Should Have Waved A Warning Flag

, , , , , | Right | November 18, 2018

(I am in law enforcement and my coworkers and I, all in uniform, stop by the convenience store before heading to our location for the day. I am driving the van and am waiting to make a left turn into the parking lot from the street. A pickup truck backs up a little bit, making room for me to enter the lot. Both my coworker and I wave in gratitude towards the driver. We park and enter the store. Two minutes later, a man enters the store.)

Man: “Excuse me, are you driving the white van out there?”

Me: *concerned someone had hit it or was breaking in* “Yes, sir, is something wrong?”

Man: “I let you pull in and you didn’t even acknowledge me!”

Me: “I’m sorry, sir, but I did wave to—”

Man: “I am a veteran, I’ll have you know!”

Me: “Sir, I did wave thank—”

Man: “I don’t care if you’re with [Agency]! You are not above the law!! You are not above the law!”

(He then stormed out. My only guess is that he was looking in his rear-view mirror when my coworker and I waved thanks. Even if I hadn’t waved, not acknowledging someone for doing something polite is not illegal.)

Their Driving Was More Dangerous Than Your Dialogue

, , , | Right | November 18, 2018

(I’m working a closing shift at my second job, which is at a popular meat sandwich chain. The night has been slow on and off, giving us enough time to get stuff done with the occasional moments to socialize. I’m currently the one running the drive-thru.)

Manager: *stops mid-sentence to let out a loud laugh* “Holy s***!”

Me & Coworker: “What?”

Manager: *points out windows at drive-thru line* “That guy came in too fast and almost jumped our driveway!”

(My coworker and I turn in time to see a car backing up and away from the cement curbed strip of grass that separates the drive-thru and the main road.)

Me: “Well, when you really want [Restaurant]…”

(The car straightens out and pulls into the drive-thru at a leisurely pace. I’m totally ready when they pull up to the speaker.)

Me: “Nice driving. What can I get for you tonight?”

(Both of my coworkers AND the driver of the car burst into laughter.)

Driver: “I know; that was terrible!”

(My manager took over the order from there, and also smacked me on the arm. I didn’t care, though, because it was the highlight of that closing night.)

Not The Brightest Spark

, , , , , | Right | September 6, 2018

(I work at a fairly popular oil change service center where we do much more than just oil changes. This conversation happens more often than it should.)

Me: “And your manufacturer recommends having your spark plugs replaced every 105,000 miles.”

Customer: “I don’t think my car has spark plugs.”

(I stare at the customer to see if she’s kidding:)

Me: “Do you put gas in your car?”

Customer: “Yes?”

Me: “Then it has spark plugs.”

Unfiltered Story #98715

, , | Unfiltered | October 25, 2017

(I don’t know why I do it myself, but I refer to bad drivers as baboons. It’s the first time it’s come up in a while.)

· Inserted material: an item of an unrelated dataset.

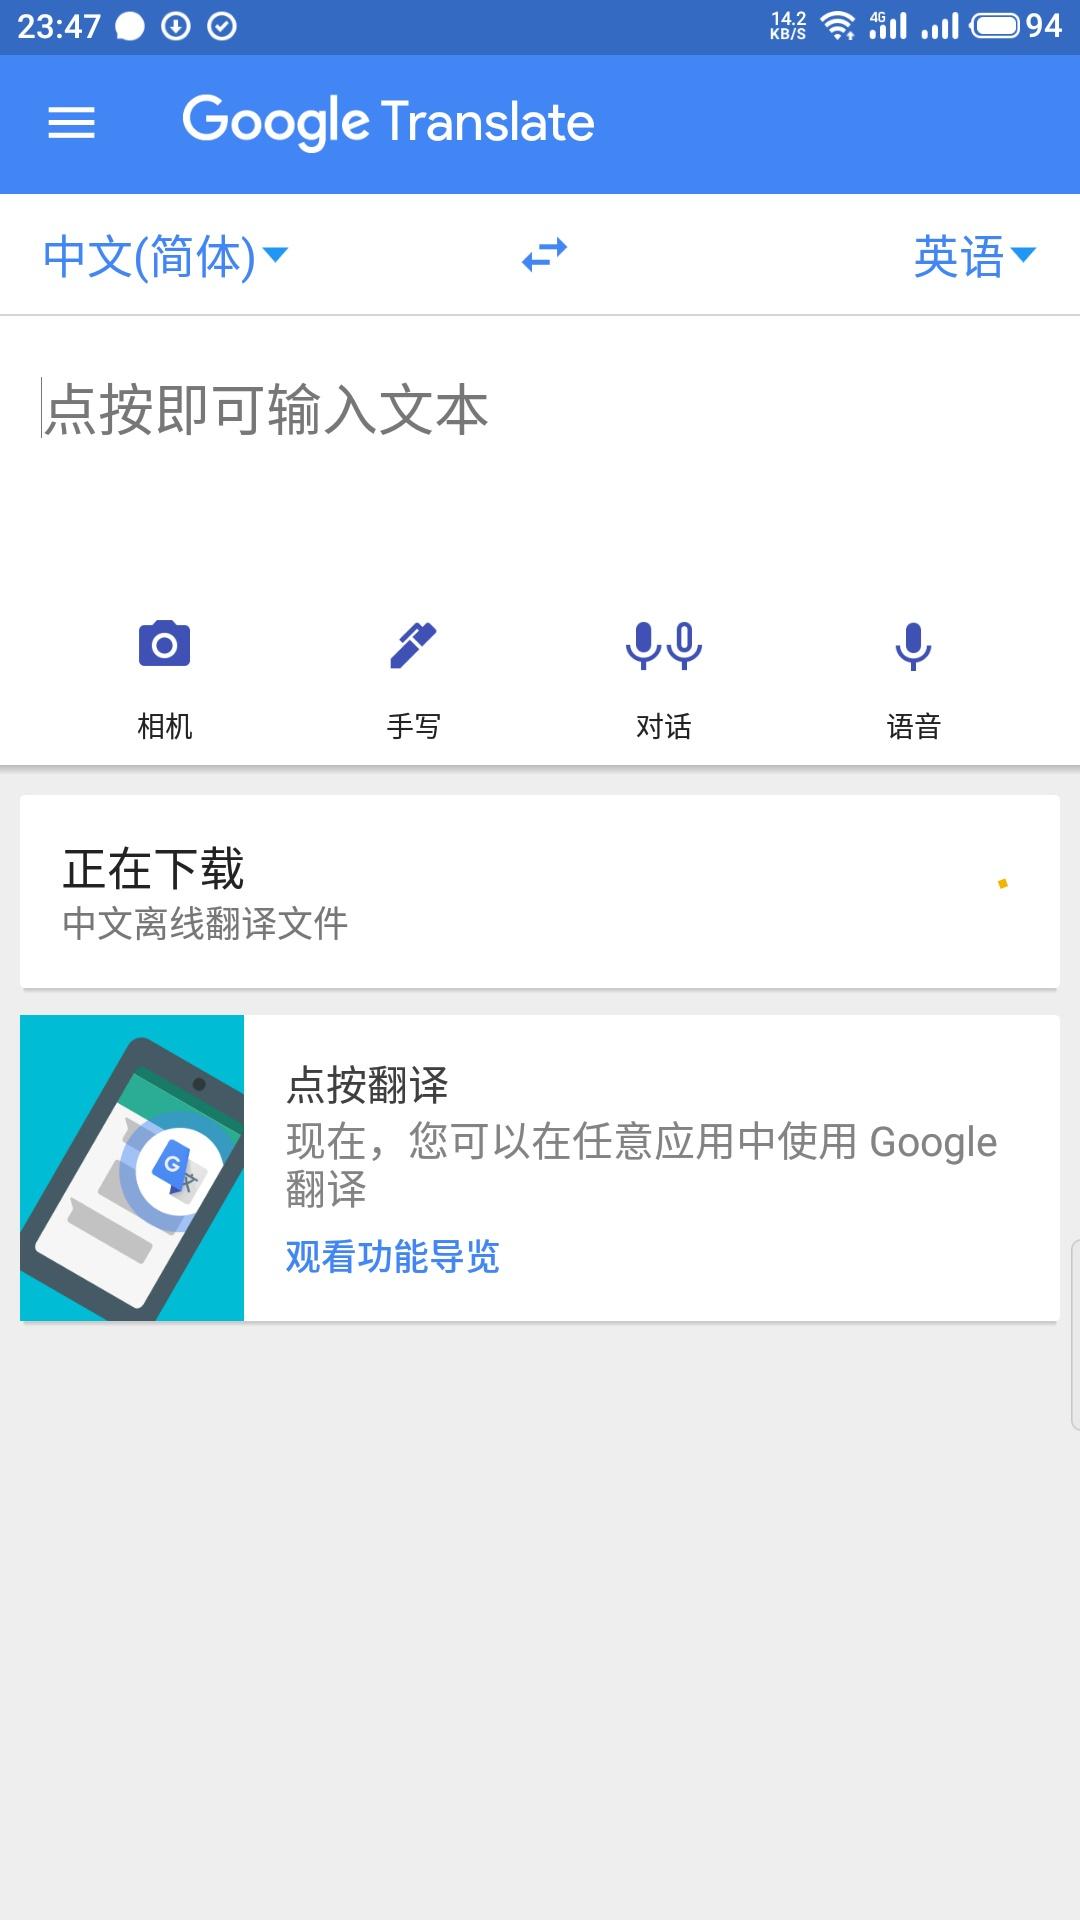 谷歌翻译v6.2.0 多语言任意转换

Me: *noticing that my dad slowed down suddenly* “Baboon?”

Dad: “Yeah?”

Me: *seeing that there were two cars in front of us, not one* “Two baboons?”

Dad: “I think so.”

A Valid Argument In Detroit

, , , , | Related | September 15, 2017

(I am the moron in this story. My brother is getting married. His wife’s sister and myself are both under 21, so the bride decides we should all go to Montreal for the weekend for her bachelorette party so we can drink. Since I have the biggest car, I drive on the way up there while my sister-in-law-to-be gives directions.)

Sister-In-Law: “It says take I-87 pretty much to the border.”

Me: “Which way?”

Sister-In-Law: “I-87; there is an entrance down by Broadway.”

Me: “Yeah, I know, but am I going north or south?”

Sister-In-Law: *stares at me in disbelief*

Me: “The entrance is coming up soon; I need to know, north or south?”

Sister-In-Law: “Uh, we are going to Canada…”

Me: “Yes, but north or south?”

Sister-In-Law: “Well, we aren’t going to Mexico. Which way is Canada?”

Me: *realizing just how dumb my question was* “Oh, duh!” *we all start laughing hysterically* “How much to never tell my brother—” *who teaches history and geography* “—that this conversation happened?”
Sister-In-Law: “Too late, already texted him.”